Re: Application cluster - Job execution and cluster creation timeouts

Yang Wang Tue, 06 Apr 2021 20:25:08 -0700

Hi Tamir,

Maybe I did not make myself clear. Here the "deployer" means our internal
Flink application deployer(actually it is ververica platform),
not the *ApplicationDeployer* interface in Flink. It helps with managing
the lifecycle of every Flink application. And it has the same native
K8s integration mechanism with you have mentioned.


In my opinion, cleaning up the infinite failover Flink application(e.g.
wrong image) is the responsibility of your own deployer, not the Flink
client. In such a case, the JobManager usually could not run normally.

However, if the JobManager could be started successfully. Then it will
clean up all the K8s resources once all the jobs reached to the
terminal status(e.g. FAILED, CANCELED, FINISHED). Even the JobManager
crashed, it could recover the jobs from latest checkpoint
successfully if HA[1] enabled.

[1].
https://ci.apache.org/projects/flink/flink-docs-master/docs/deployment/ha/overview/


Best,
Yang


Tamir Sagi <tamir.s...@niceactimize.com> 于2021年4月6日周二 下午6:43写道：

> Hey Yang
>
> Thank you for your respond
>
> We run the application cluster programmatically.
>
> I discussed about it here with an example how to run it from java and not
> CLI.
>
> http://apache-flink-user-mailing-list-archive.2336050.n4.nabble.com/Application-cluster-Best-Practice-td42011.html
>
> following your comment
>
> accessibility of Flink rest endpoint. When it is not ready in the
> timeout(e.g. 120s), the deployer will delete the Flink JobManager
> deployment and try to create a new one.
>
> I have not seen it in action actually, I gave a non-existing image . The
> deployer actually started the k8s deployment but pods failed to
> start(expected) , The k8s deployment was running infinite.
>
> *What configuration is that ? is it possible to override it ?*
>
> I delved into the Flink-Core, and Flink-Kubernetes jars, Since Flink is
> dependent on Kubernetes ,  we both need to leverage the Kubernetes
> client(which Flink does internally) to manage and inspecting the resources.
>
> I am curious why you have "infinite job execution" in your Flink
> application cluster. If all the jobs in the application finished, Flink will
> deregister the application and all the K8s resources should be cleaned up.
>
> My though was about what happens if there is a bug and the job running
> infinite, job manager crashes over and over again?
> What happens if resources don't get cleaned properly ? We don't want to
> keep the cluster up and running in that case and would like to get a
> feedback.

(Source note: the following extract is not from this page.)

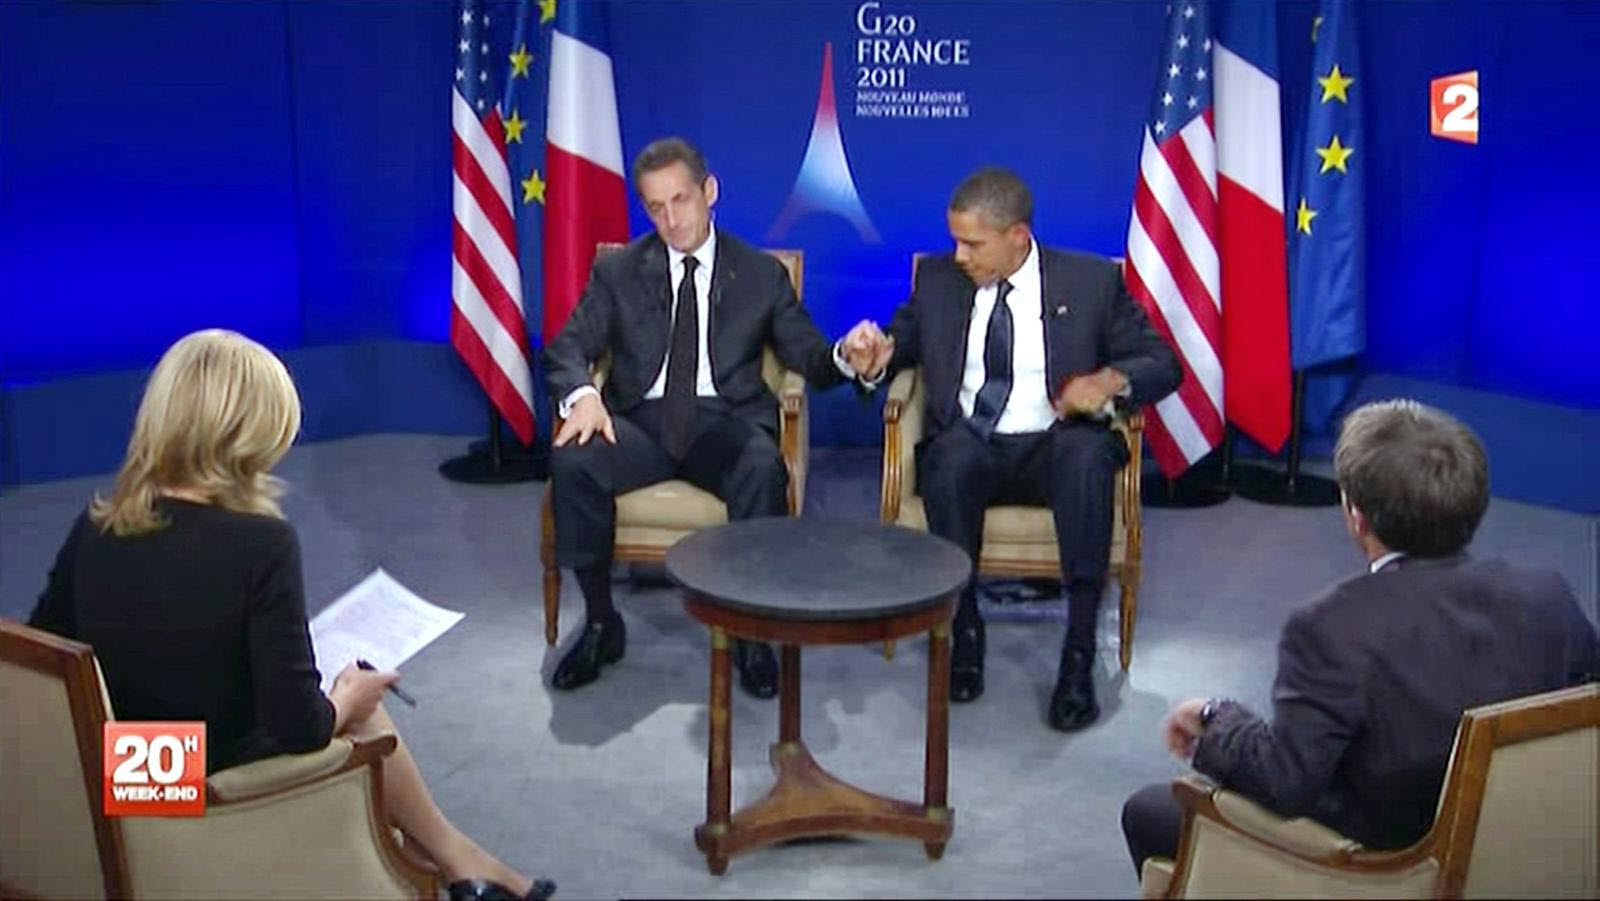 Nicolas Sarkozy humilié par Barack Obama : ce surnom que l'ancien président américain lui a donné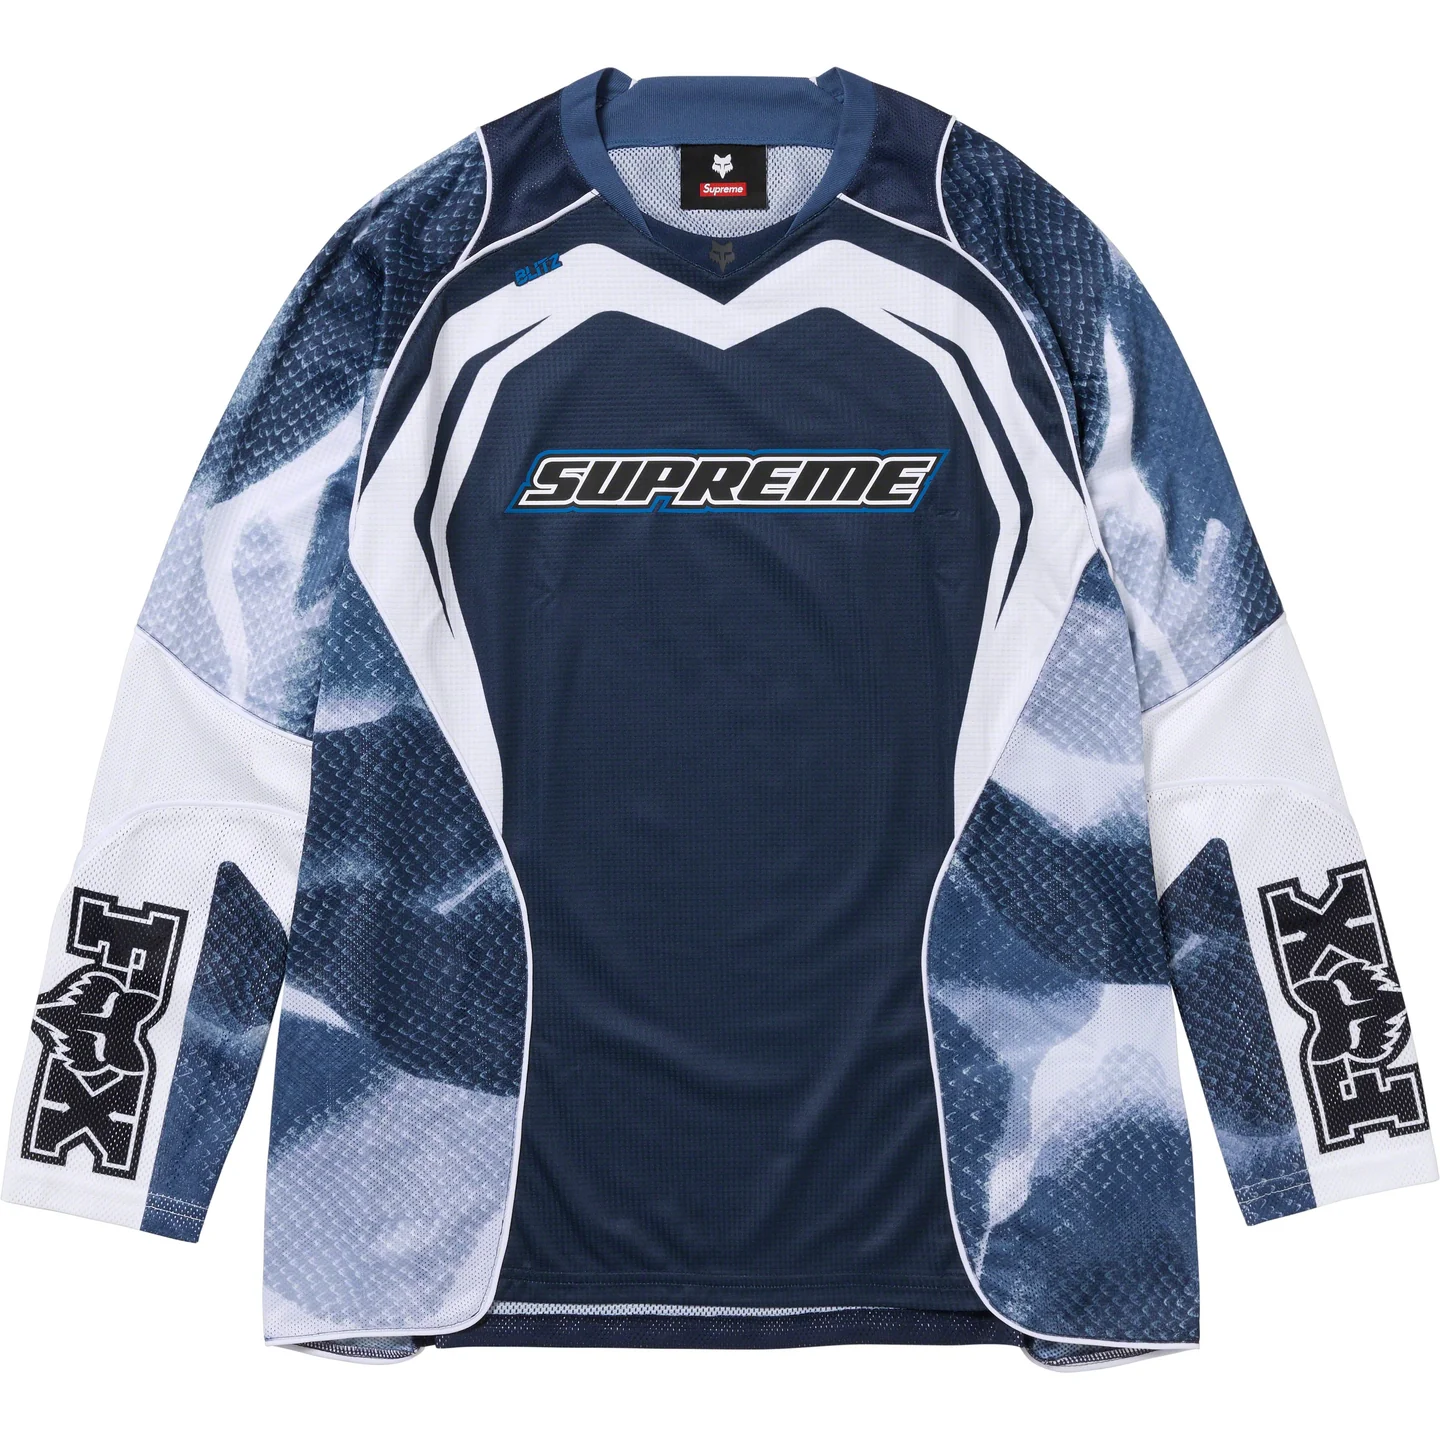 Supreme Supreme®/Fox® Racing Jersey

Since Flink does not support that we have to inspect that
> externally.(which makes it more complex)
> We could also pull the job status using Flink client, but it become
> useless if the job is executed infinite.
>
> What do you think?
>
> Best,
> Tamir.
>
>
> ------------------------------
> *From:* Yang Wang <danrtsey...@gmail.com>
> *Sent:* Tuesday, April 6, 2021 10:36 AM
> *To:* Tamir Sagi <tamir.s...@niceactimize.com>
> *Cc:* user@flink.apache.org <user@flink.apache.org>
> *Subject:* Re: Application cluster - Job execution and cluster creation
> timeouts
>
>
> *EXTERNAL EMAIL*
>
>
> Hi Tamir,
>
> Thanks for trying the native K8s integration.
>
> 1. We do not have a timeout for creating the Flink application cluster.
> The reason is that the job submission happens on the JobManager side.
> So the Flink client does not need to wait for the JobManager running and
> then exit.
>
> I think even though the Flink client internally has the timeout, we still
> have the same problem when the Flink client crashes and then the timeout is
> gone.
>
> I want to share some other solution about the timeout. In our deployer,
> when a new Flink application is created, the deployer will periodically
> check the
> accessibility of Flink rest endpoint. When it is not ready in the
> timeout(e.g. 120s), the deployer will delete the Flink JobManager
> deployment and try to
> create a new one.
>
> 2. Actually, the current "flink run-application" does not support the real
> attached mode(waiting for all the jobs in the application finished).
> I am curious why you have "infinite job execution" in your Flink
> application cluster. If all the jobs in the application finished, Flink will
> deregister the application and all the K8s resources should be cleaned up.
>
>
> Best,
> Yang
>
>
> Tamir Sagi <tamir.s...@niceactimize.com> 于2021年4月5日周一 下午11:24写道：
>
> Hey all,
>
> We deploy application cluster natively on Kubernetes.
>
> are there any timeouts for Job execution and cluster creation?
>
> I went over the configuration page here
> <https://ci.apache.org/projects/flink/flink-docs-stable/deployment/config.html>
> but did not find anything relevant.
>
> In order to get an indication about the cluster , we leverage the k8s
> client
> <https://github.com/fabric8io/kubernetes-client/blob/master/doc/CHEATSHEET.md#pods>
>  to watch the deployment
> <https://github.com/fabric8io/kubernetes-client/blob/master/doc/CHEATSHEET.md#deployment%23:~:text=Watching%20a%20Deployment%3A>
>  in a namespace with specific cluster name and respond accordingly.
>
> we define two timeouts
>
>    1. Creating the application cluster (i.e. to date if there are errors
>    in pods, the k8s deployment is up but the application cluster is not
>    running.)
>    2. Until the application cluster resources get cleaned(upon
>    completion)  - which prevent an infinite job execution or k8s glitches
>
>
> However,  this solution is not ideal because in case this client lib
> crashes, the timeouts are gone.
> We don't want to manage these timeouts states ourselves.
>
> Any suggestion or better way?
>
> Thanks,
> Tamir.
>
>
>
>
>
> Confidentiality: This communication and any attachments are intended for
> the above-named persons only and may be confidential and/or legally
> privileged. Any opinions expressed in this communication are not
> necessarily those of NICE Actimize. If this communication has come to you
> in error you must take no action based on it, nor must you copy or show it
> to anyone; please delete/destroy and inform the sender by e-mail
> immediately.
> Monitoring: NICE Actimize may monitor incoming and outgoing e-mails.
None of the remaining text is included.